Tuesday, March 2, 1999 Published at 14:55 GMT
Uganda tourists die in gunfight
The tourists were on a trip to see mountain gorillas
Eight kidnapped Westerners were killed during a furious gun battle between Ugandan soldiers and their rebel captors, the British High Commission in Kampala has confirmed.
Five tourists were found dead at the scene of the gun battle. The bodies of the other three were found nearby, a British Foreign Office spokesman said.
Six other hostages - two Britons, one New Zealander, one Swiss, one Canadian and one American - were freed after being taken captive on Monday.
The dead are believed to be four men and four women, but their identities are not yet known.
'British captives tortured'
An American tourist who escaped said British hostages had been tortured by the rebels.
She told London's Evening Standard newspaper that at least one British man had been beaten by his captors and that the British people had been ''treated quite badly".
Another American who escaped, Elizabeth Garland, 29, said the rebels had singled out US and British nationals as hostages.
Witnesses said about 150 heavily-armed rebels stormed the park headquarters and rounded up the tourists. They then disappeared into the forest with their captives.
The UK Foreign Office spokesman said: "It appears that during the night there was some kind of a fire-fight between the rebels, park rangers and soldiers. There were also Ugandan casualties."
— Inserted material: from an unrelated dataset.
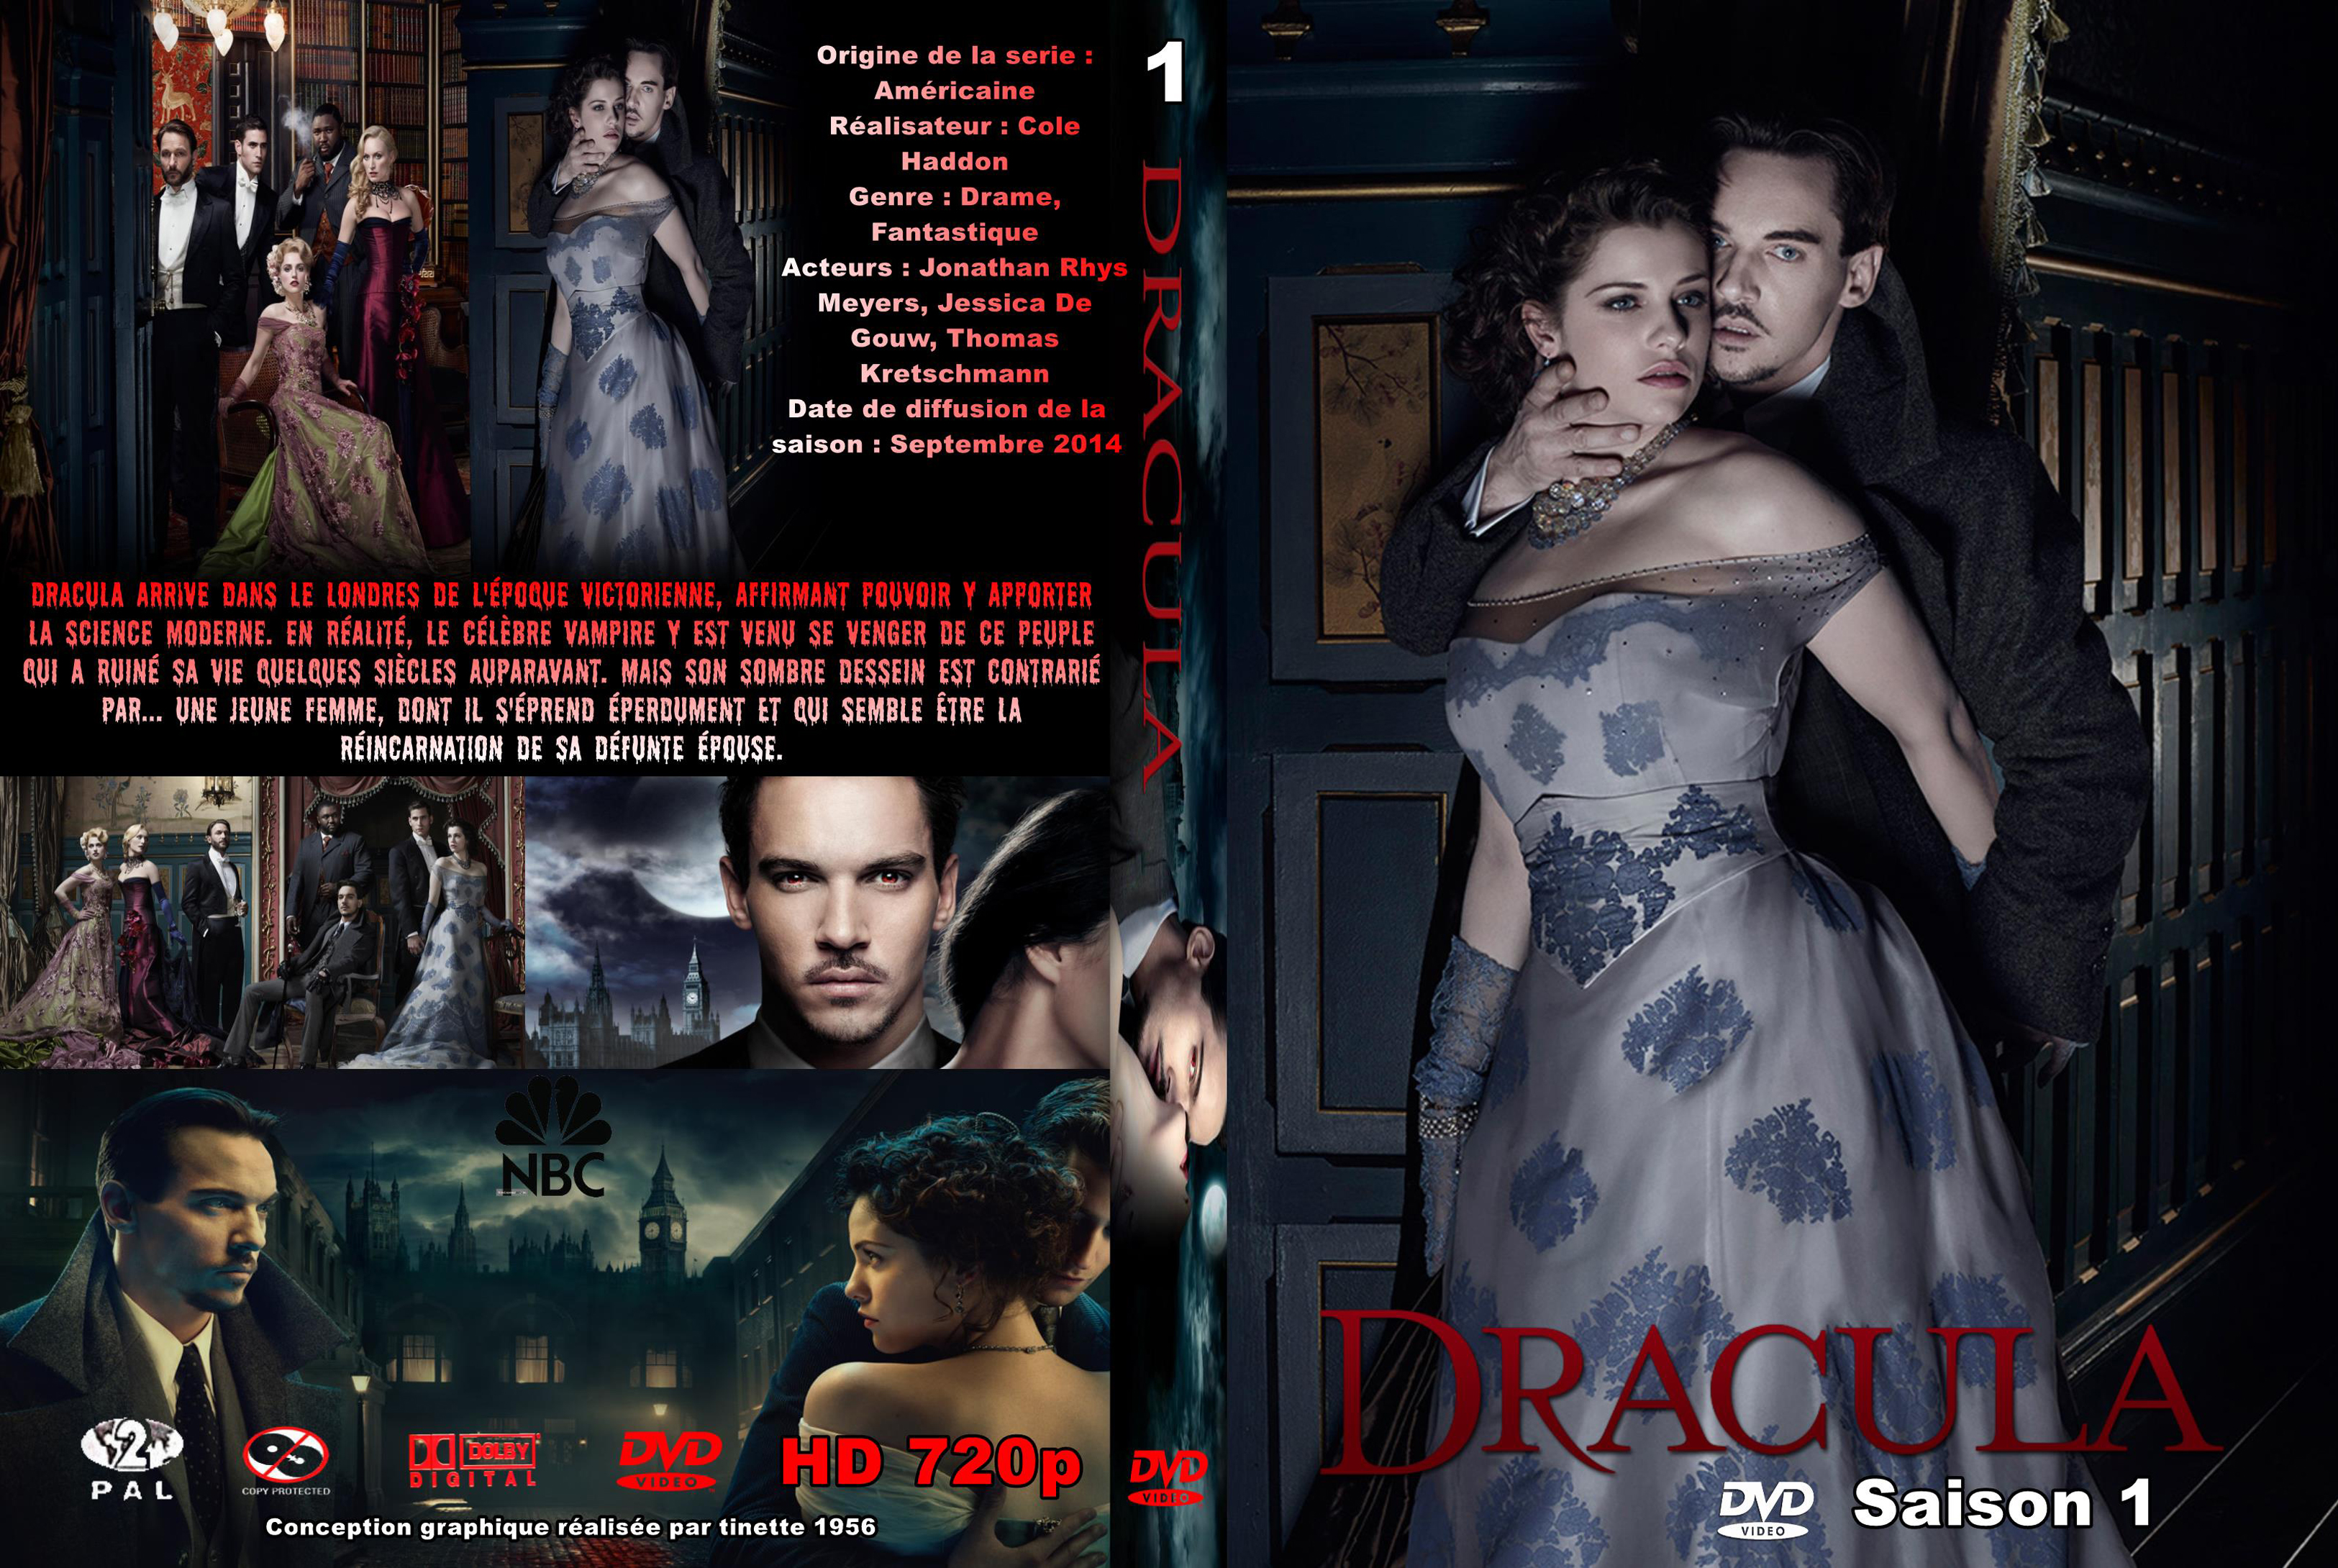 Jaquette DVD Dracula saison 1 custom

UK Foreign Secretary Robin Cook said Britain had told Uganda it did not want any intervention that might put lives at risk.
In December, four Western tourists held hostage in Yemen died during a rescue attempt by Yemeni forces.
Seven of the tourists rounded up on Monday were released on the same day, including France's Deputy Ambassador to Uganda, Anne Peltier, who negotiated the release of all the French tourists and some Australians.
She said firing had started around the tent where people were sleeping.
Twelve tourists, one of them a British national, escaped the kidnappers by fleeing into the jungle and arrived later in Kampala.
The Hutu rebels - the Interahamwe - fled Rwanda after they took part in the 1994 genocide of more than 500,000 Tutsis.
Last August they abducted a number of foreign tourists who were on a mountain trek just across the border inside the Democratic Republic of Congo. One of the tourists has since been released but the remainder are still in captivity.
UK-based travel firm Abercrombie and Kent, which ran a campsite where three of the tourists in the latest incident had been staying, said security issues were left mostly in the hands of local park wardens.
The Bwindi National Park covers 331 sq km and is home to an estimated 300 mountain gorillas - half the entire global population.